The new legislation ensures that the extent of shared borrower information is restricted to what is necessary. In addition to credit bureaus, licensed moneylenders can also share borrower information with third parties engaged in IT support or debt recovery. Furthermore, they can share information with prescribed persons for purposes related to the welfare and protection of applicants, borrowers, and sureties.
To enhance accuracy, moneylenders will also be allowed to obtain records from public agencies to verify information submitted by loan applicants. The Ministry of Law plans to collaborate with social service agencies that have been assisting borrowers with debt consolidation and restructuring plans. By fostering effective negotiation, these changes aim to benefit both borrowers and moneylenders.
What It Means to Borrowers: Summary
If you’re considering obtaining a loan from a licensed moneylender, the recent changes to the law may affect you. Here’s what it means for borrowers:
More Comprehensive Credit Checks
Licensed moneylenders can now obtain credit reports from a list of prescribed credit bureaus, allowing for more comprehensive credit checks on borrowers. This means that moneylenders will have access to a wider range of information regarding an applicant’s creditworthiness and indebtedness, which can influence their decision to grant a loan.
Disclosure of Borrower Information
Licensed moneylenders are now permitted to disclose borrower information to third parties, such as prescribed credit bureaus, for the purpose of obtaining a credit report. They can also share borrower information with third parties engaged to provide IT support or recover debts. Additionally, they can share information with any prescribed person for purposes related to the welfare and protection of applicants, borrowers, and sureties.
Limitations on Disclosed Information
The extent of the borrower information that can be shared is limited to what is necessary. For example, when purchasing a credit report from a prescribed credit bureau, the disclosure of the identification number of the loan applicant will be necessary. This means that moneylenders will not be able to share excessive information about borrowers without proper justification.
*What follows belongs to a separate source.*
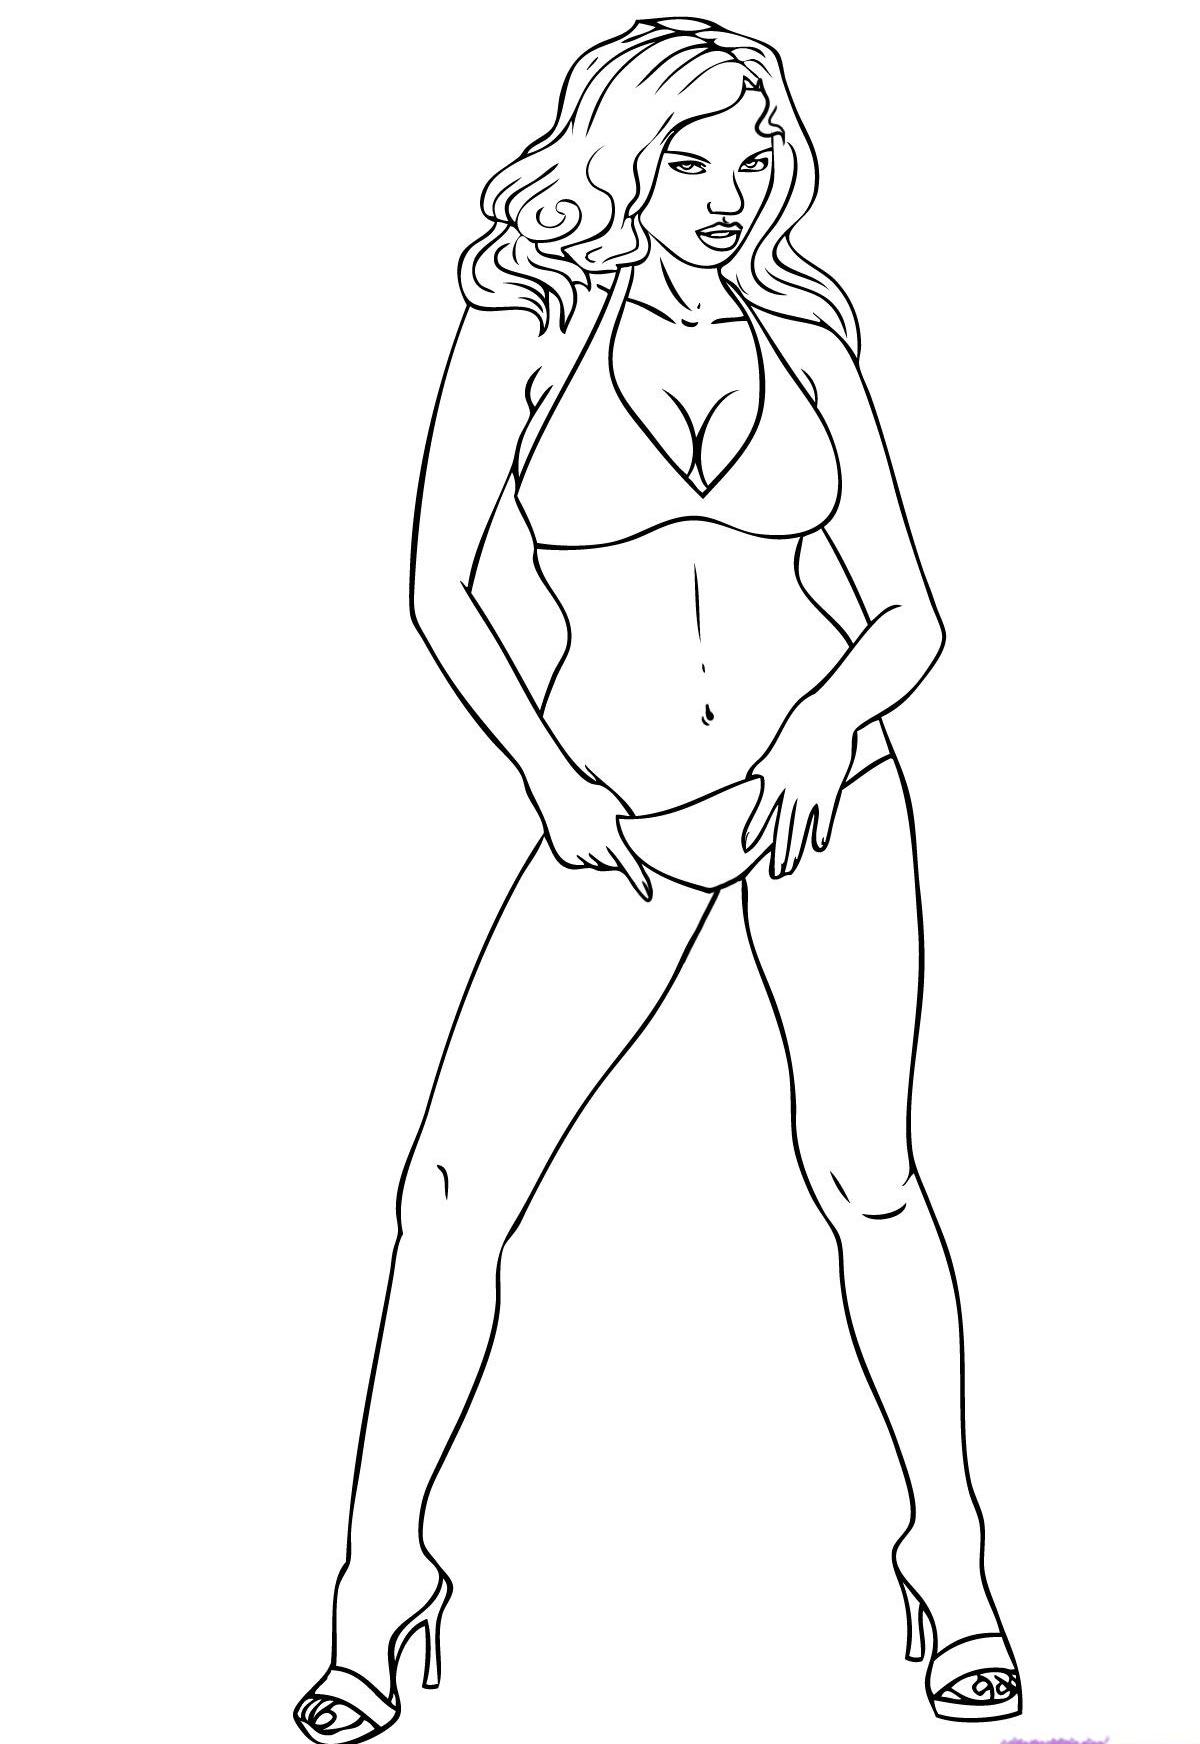 how-to-draw-a-sexy-girl-step-4_1_000000001389_5

Verification of Information
Licensed moneylenders can now obtain records from public agencies to verify the accuracy of information submitted by loan applicants. This helps to prevent fraudulent information from being used to obtain loans.
Over-borrowing Prevention
The previous restrictions on credit checks may have enabled over-borrowing by individuals who withheld or inaccurately declared their credit information. With the expanded access to credit reports, licensed moneylenders can make more informed decisions on whether to grant a loan, which may prevent over-borrowing.
In summary, these changes to the law may result in more transparent and informed lending practices by licensed moneylenders, which can benefit borrowers in the long run. However, borrowers should also be aware that their information may be disclosed to third parties for credit checks and other purposes.